I've posted a lot about my difficult mother (who ISN'T the one with dementia, she is the carer who suffered a breakdown) and she never seems to get any easier. I feel like I'm wading through treacle with her. I am gradually reducing the amount of days a week I see her - mainly for my sanity but also to try and gently push her into regaining some kind of independence (which she fights tooth and nail, and will probably never be successful)

She doesn't like the sheltered accommodation where she lives (but then, she doesn't like anything much) and I am learning that I cannot make her happy, and I'm learning to stop trying to do so as I never will. The frustrations are enormous and many.

Today's :mad: ARRRGGHHHH :mad: moment came in the shape of my now being expected to know what she is thinking!​

I took her out for lunch, as I usually do - she detests staying in the complex where she lives - she feels 'trapped' and anxious if she can't get out. I take her 'out' rather than staying in with her as otherwise she says she feels like she never goes anywhere.

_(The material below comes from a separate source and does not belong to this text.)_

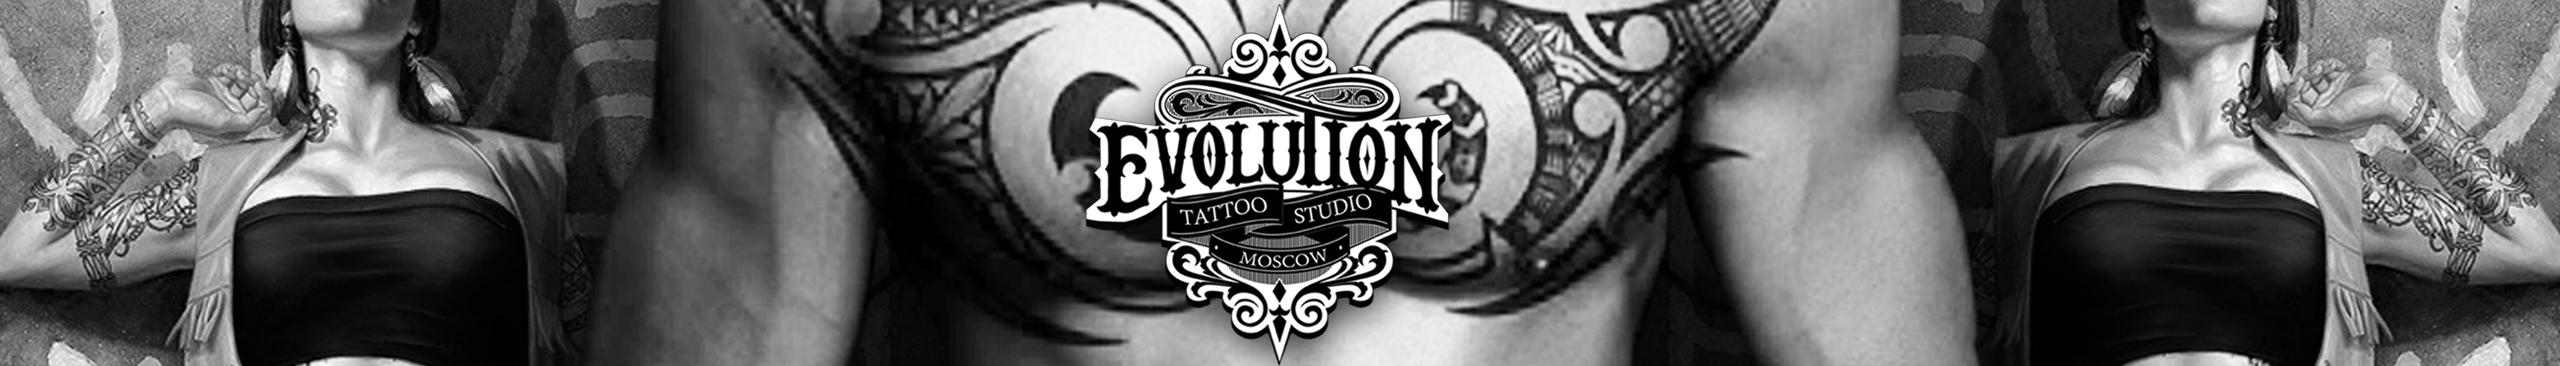 Студия тату и пирсинга Evo Logo

She's not best pleased with me at the moment as I am, as I said, trying to wean her off me so I am never surprised when she looks a bit glum (she has what we call 'the face' - sad eyes, downturned mouth) when I have to leave her (I have a family and a job to upkeep as well!) but today I could see there was something else wrong. I refuse to ask her any more when she does 'the face' as I know it is her way of trying to force my hand and make me feel guilty/offer to see her more often ... eventually she worked her way round to what it was by first asking how my daughter was and then it came out 'I haven't been to your house for ages!' cue trembling lip ... that's IT? That's what all this performance is about? I get so CROSS having to try and guess what the problem is ... its attention seeking and it drives me nuts.

I try hard not to overreact so I just said - 'well mum, what day would you like to come round?' I think that floored her a bit as she said 'oh, erm, lets wait and see'

I think I have been a bit guilty of keeping her distant from my husband and daughter AT home, but we have all been out together quite a few times recently. The trouble is she's such hard work that everyone is exhausted afterwards. Not physically hard but mentally.

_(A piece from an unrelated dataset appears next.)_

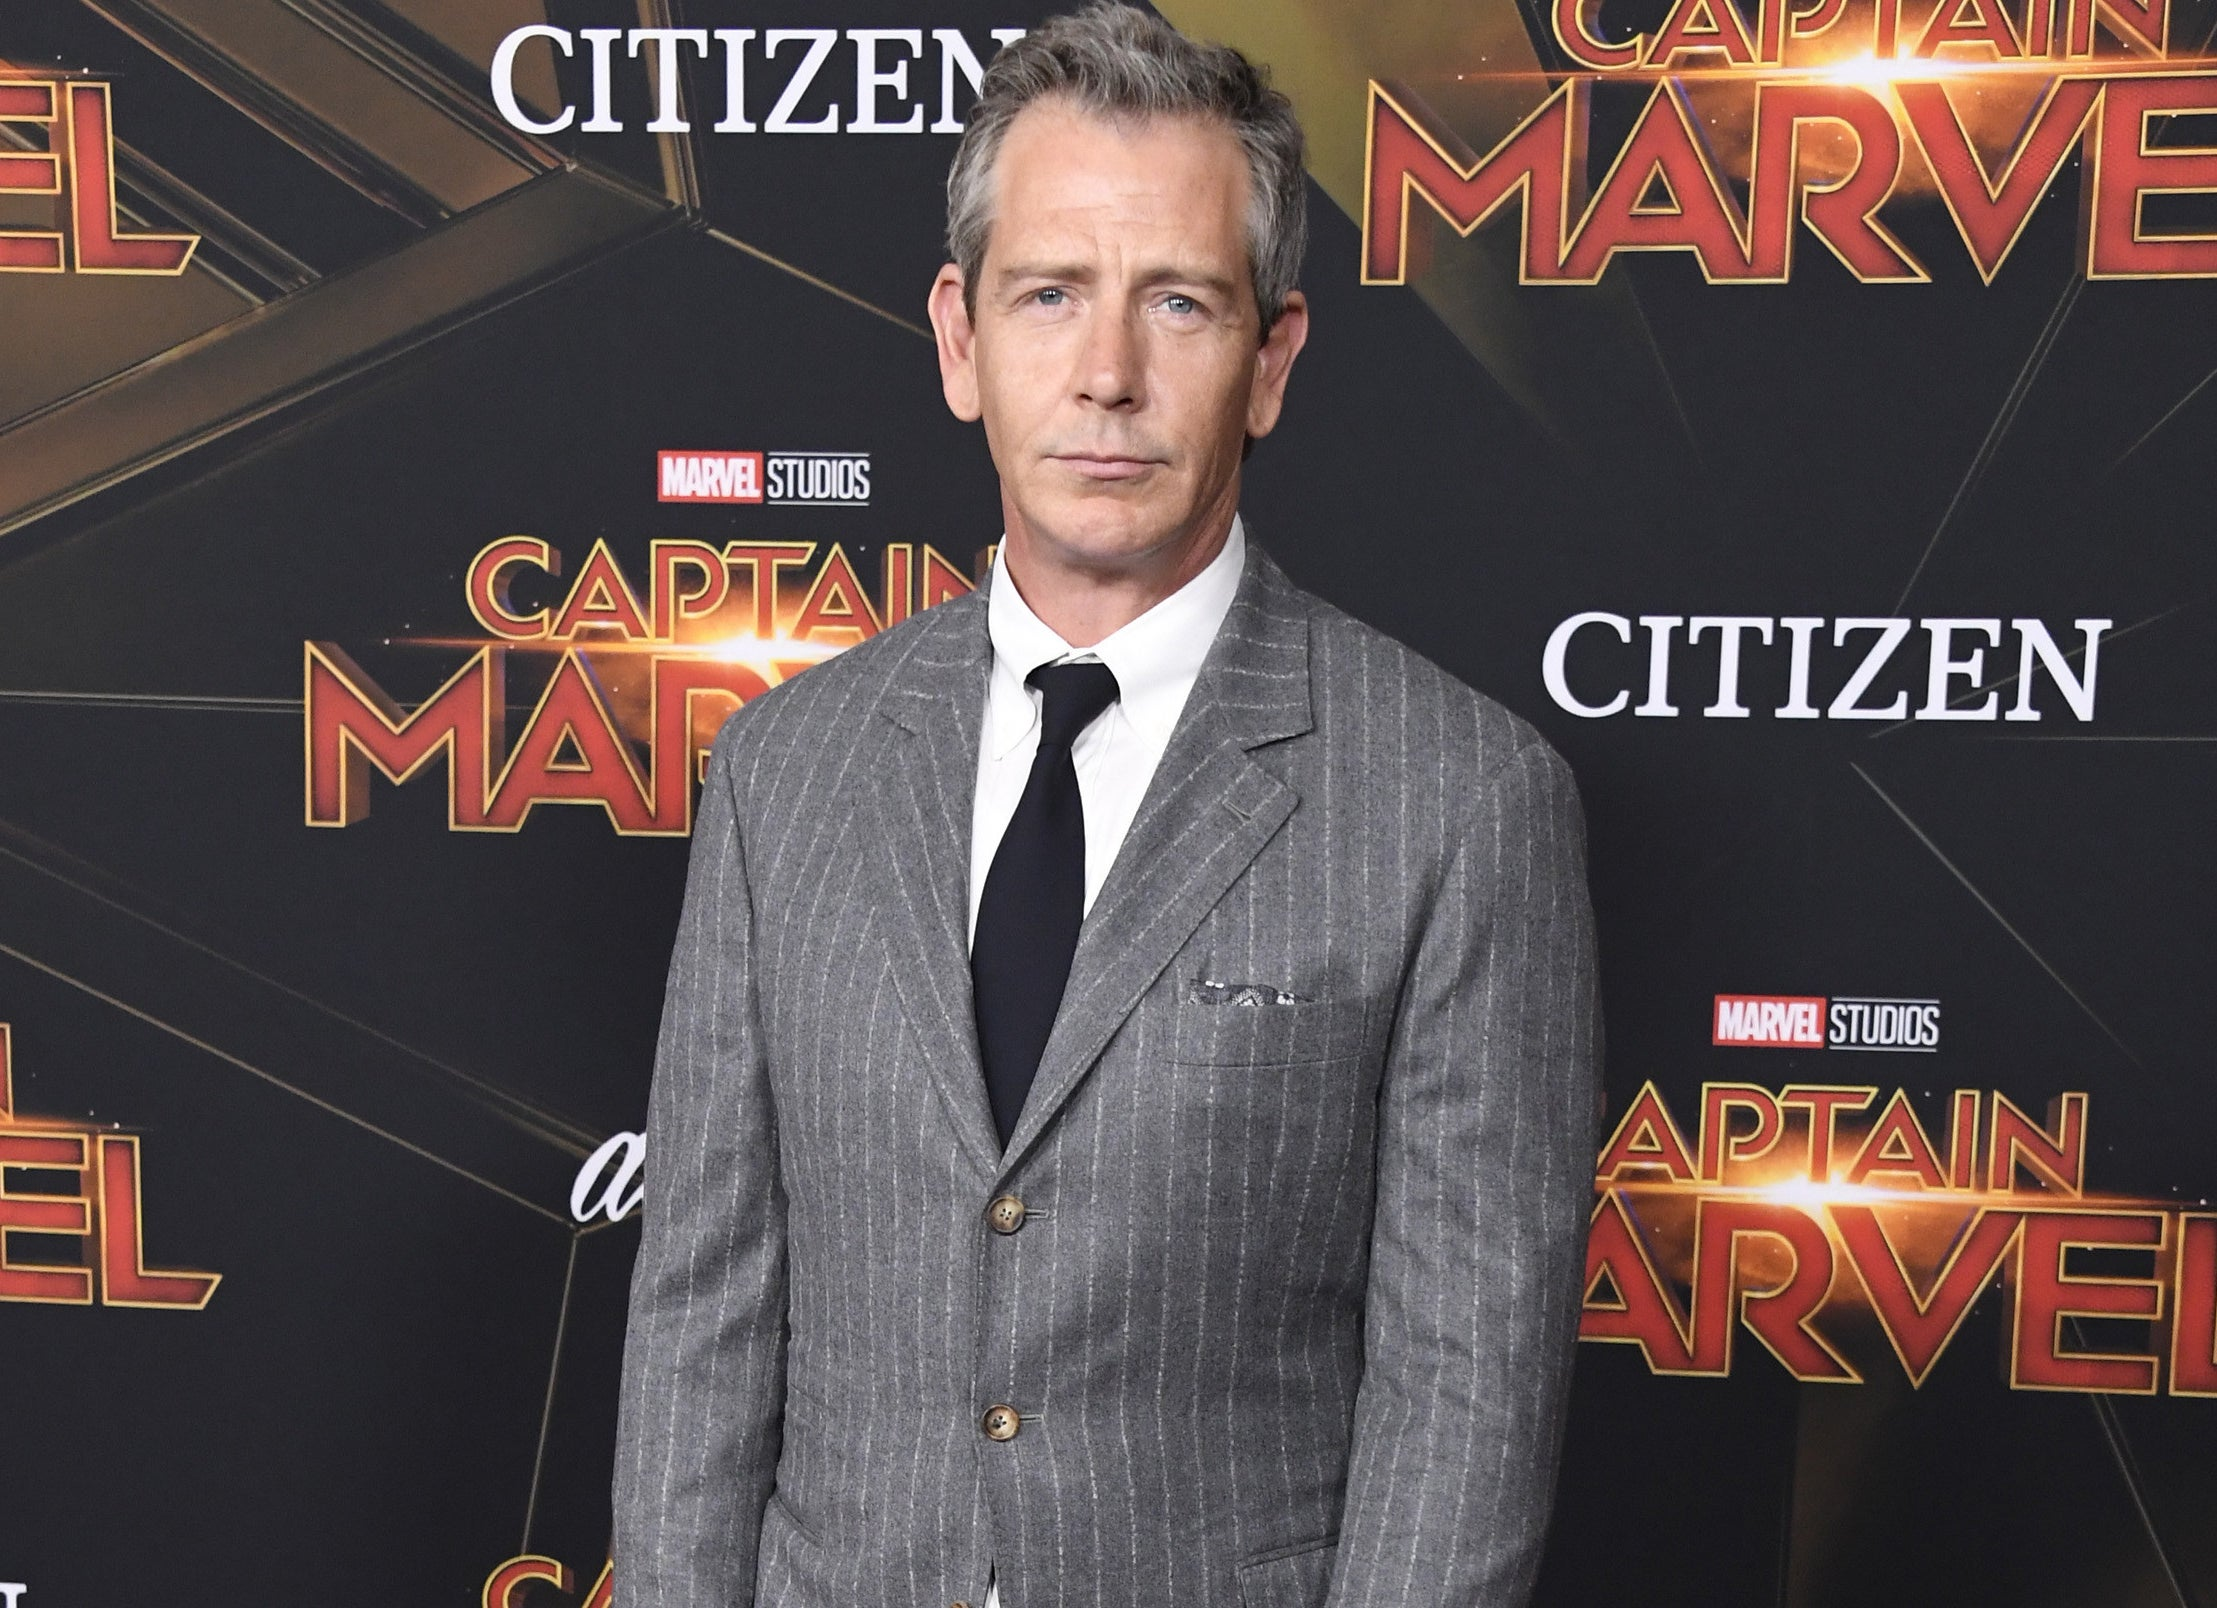 Ben Mendelsohn wears a suit to the Captain Marvel premiere

My 15 year old is pretty tolerant but when we've been out for lunch with mum (obviously her nan) its been a constant stream of negativity - we're sitting in the wrong place ... her coffee is too strong/weak/hot/cold ... they don't do Earl Grey tea ... we're having to wait too long for lunch ...

....my daughter even got it in the neck as she hadnt finished her meal 'so she wont get a dessert' :eek::eek: (none of mums business and this is NOT the way I operate anyway - I dont do food blackmail - there are enough teenagers with eating disorders already, thank you very much). My daughter had her navel pierced recently and was told she had to wear a long top so my mum couldn't see it because it made her feel sick .. on and on and on.

She is a drain on the emotions - everyone feels like they have fallen into a black hole when she's around ... its just no pleasure. I don't seem to be able to find the words to tell her this though. If she was nicer to BE AROUND I'd want her around more.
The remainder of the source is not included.